Data excerpt Start Marker
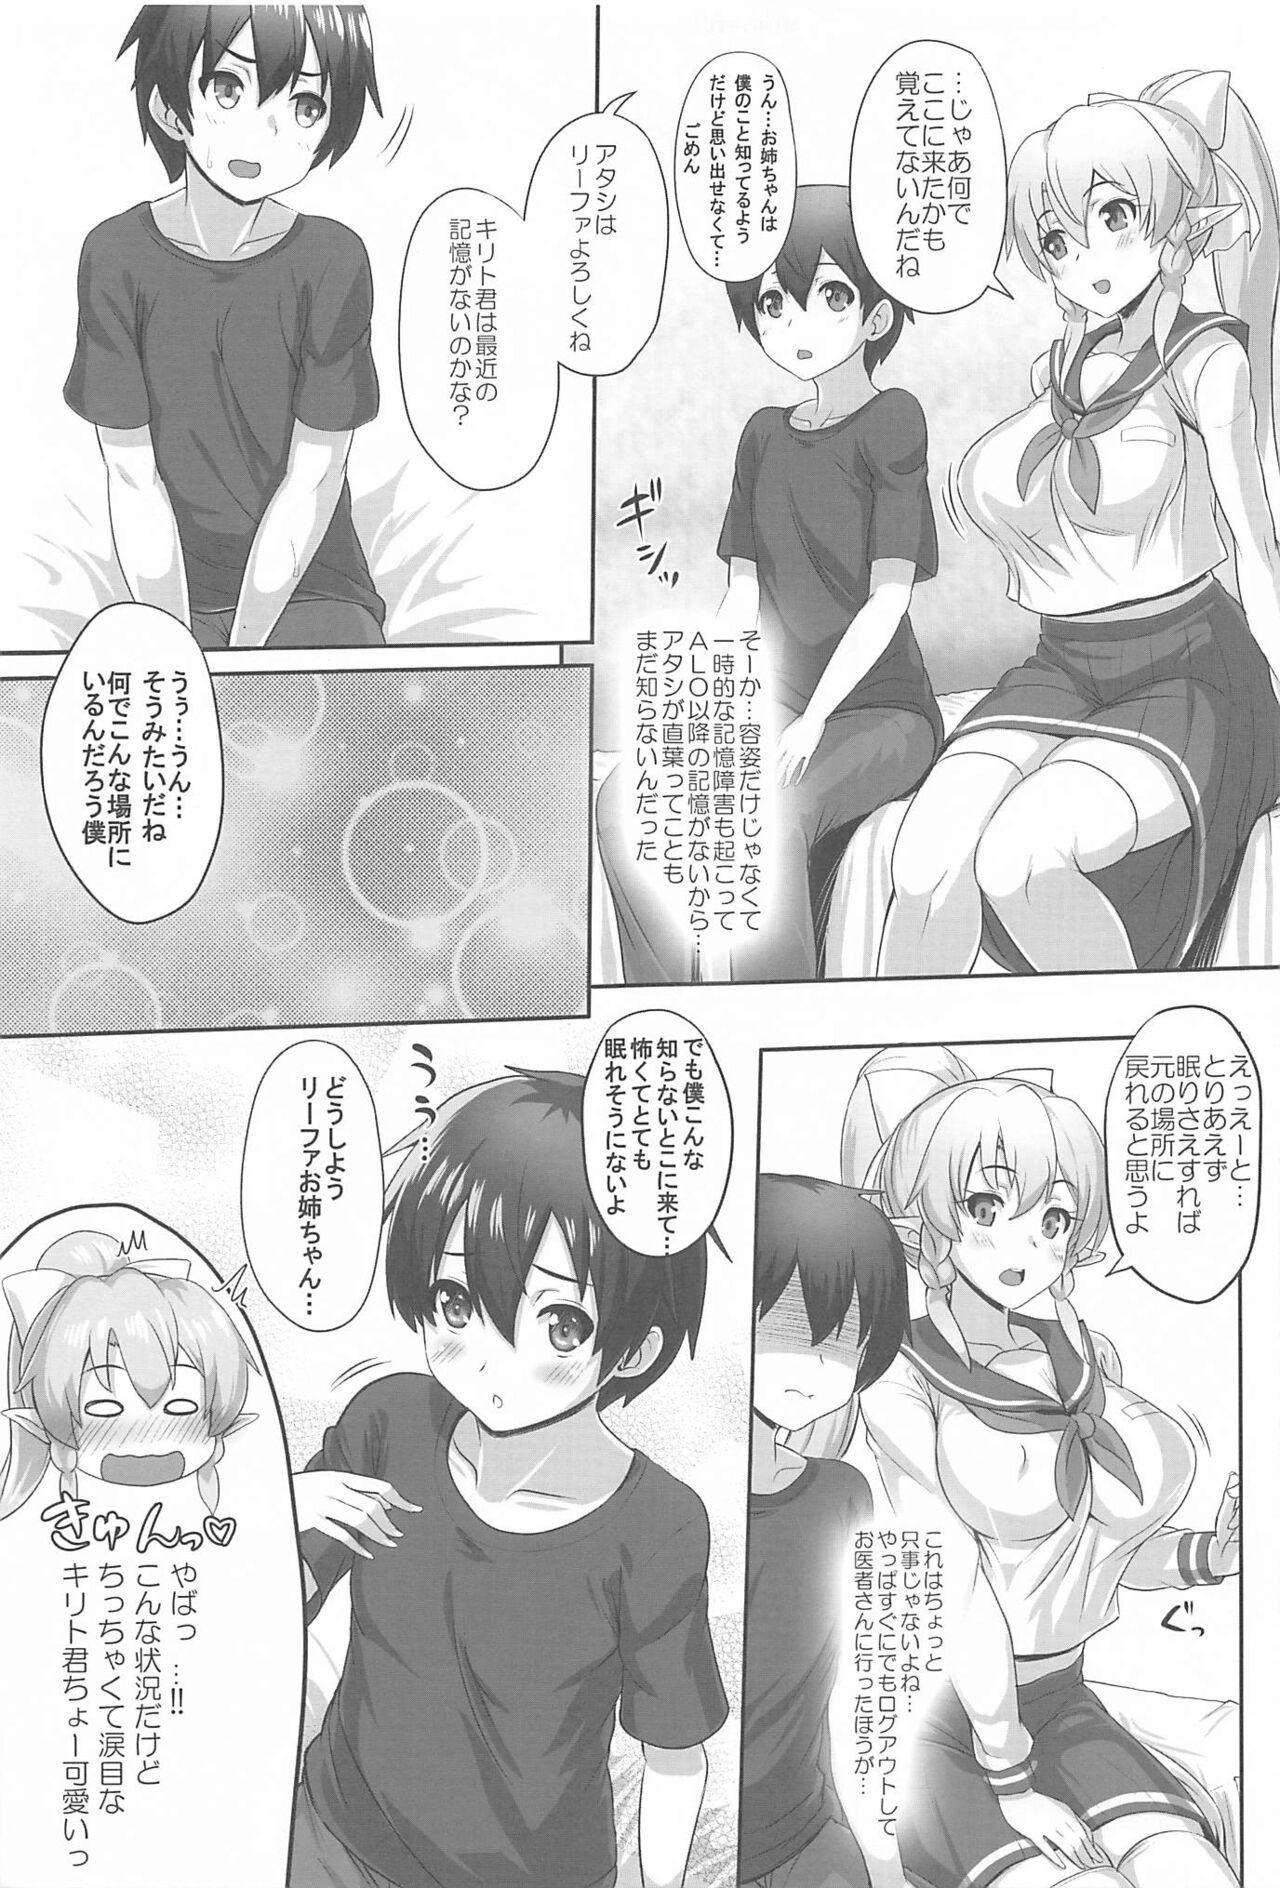 Chubby Sister Affection On&Off 3 SAO Soushuuhen - Sword art online Swallowing - Page 6
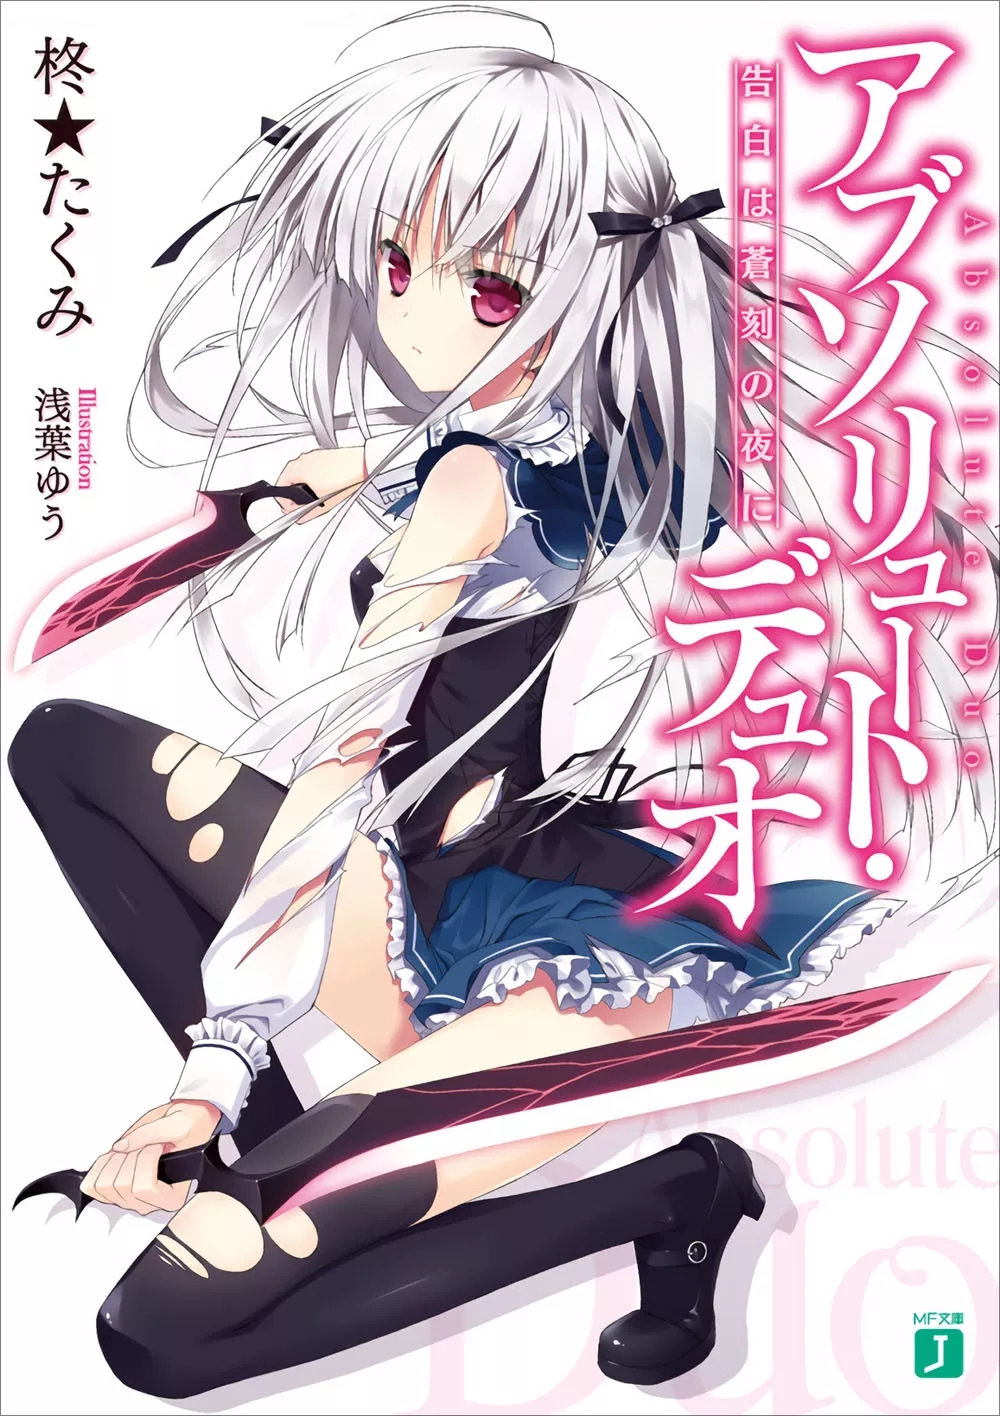 Absolute Duo OST - Animes-Mangas-DDL.com
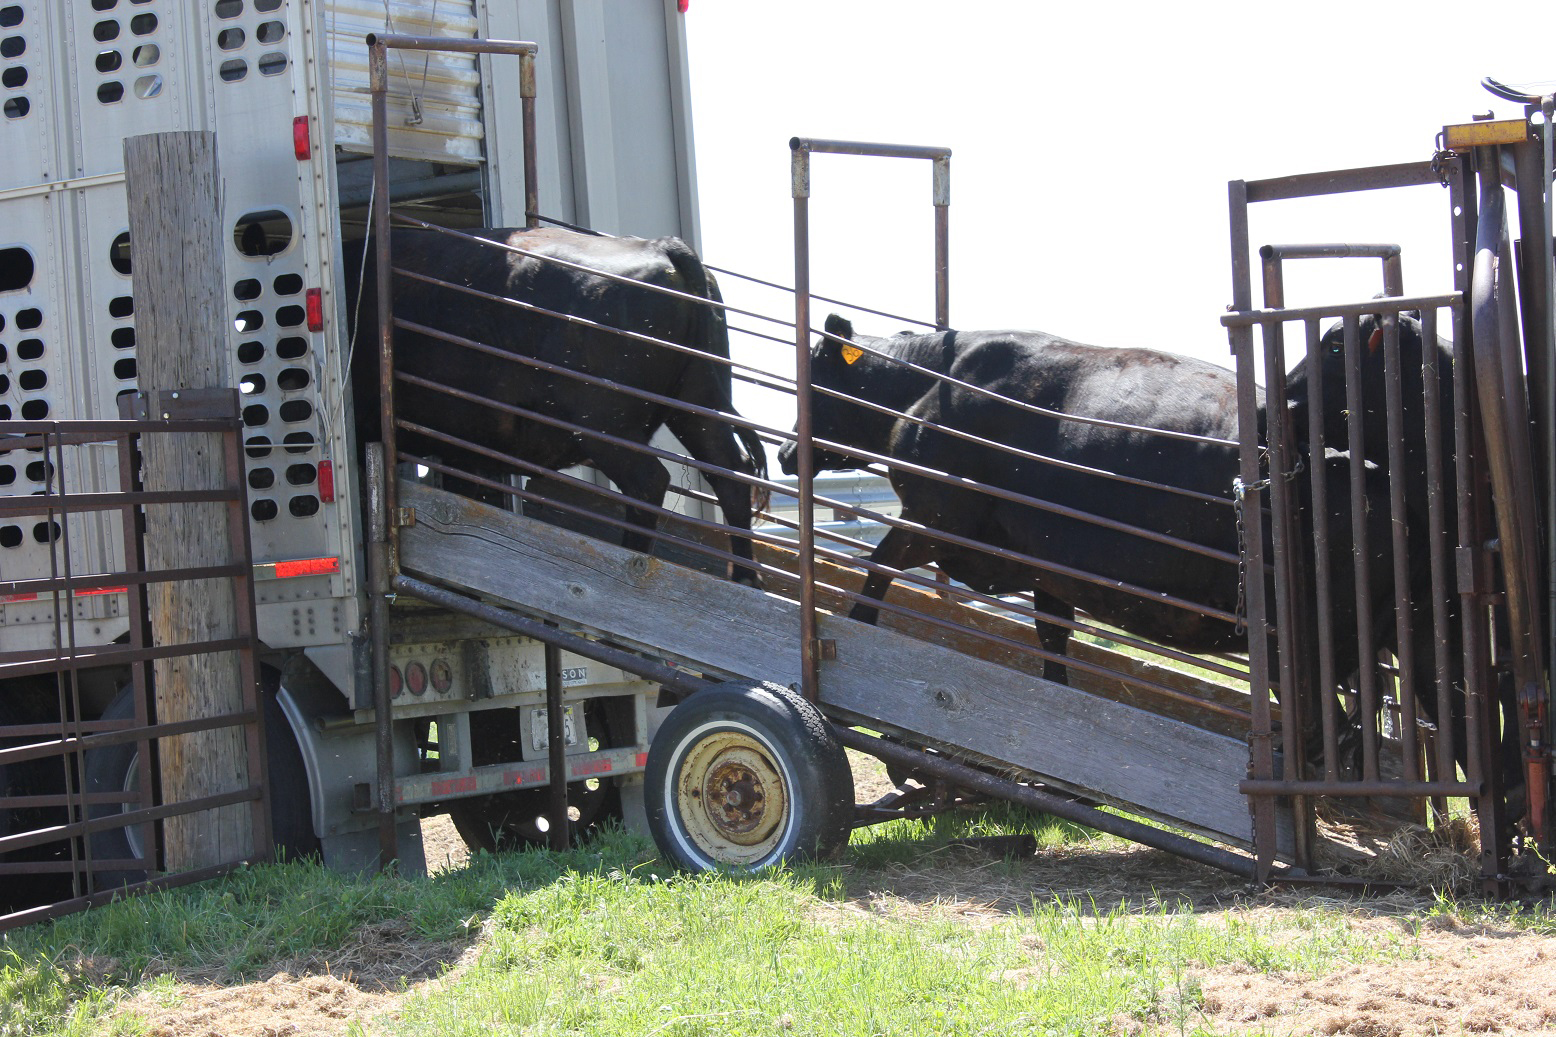 Incorporating good stockmanship during sorting, loading and unloading can assist in reducing bruising. Photo courtesy of Troy Walz.
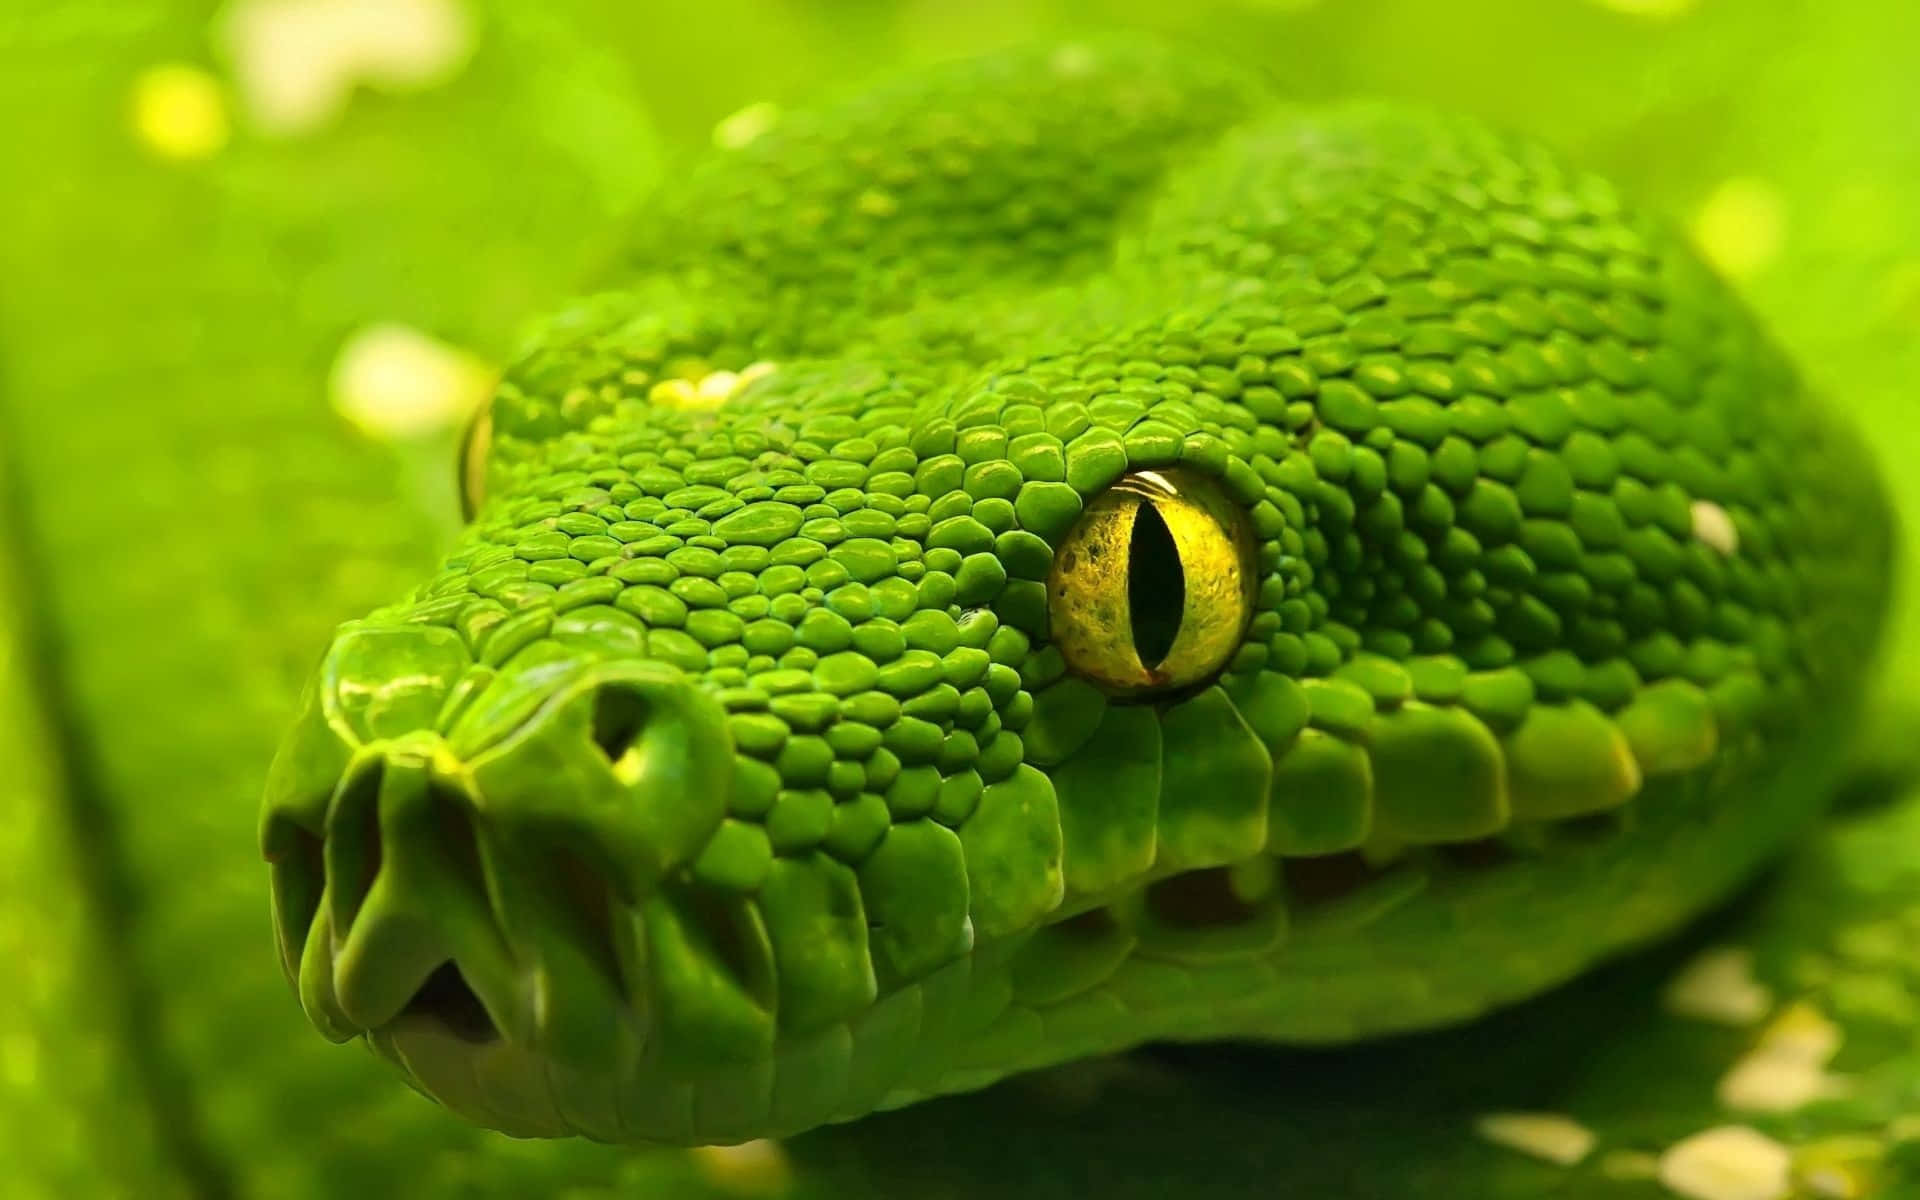 A large green snake slithers through the grass
Data excerpt End Marker
The task:
The answer should be the full material above, printed exactly, with no pictures in it.

Result below:
 Chubby Sister Affection On&Off 3 SAO Soushuuhen - Sword art online Swallowing - Page 6
 Absolute Duo OST - Animes-Mangas-DDL.com
 Incorporating good stockmanship during sorting, loading and unloading can assist in reducing bruising. Photo courtesy of Troy Walz.
 A large green snake slithers through the grass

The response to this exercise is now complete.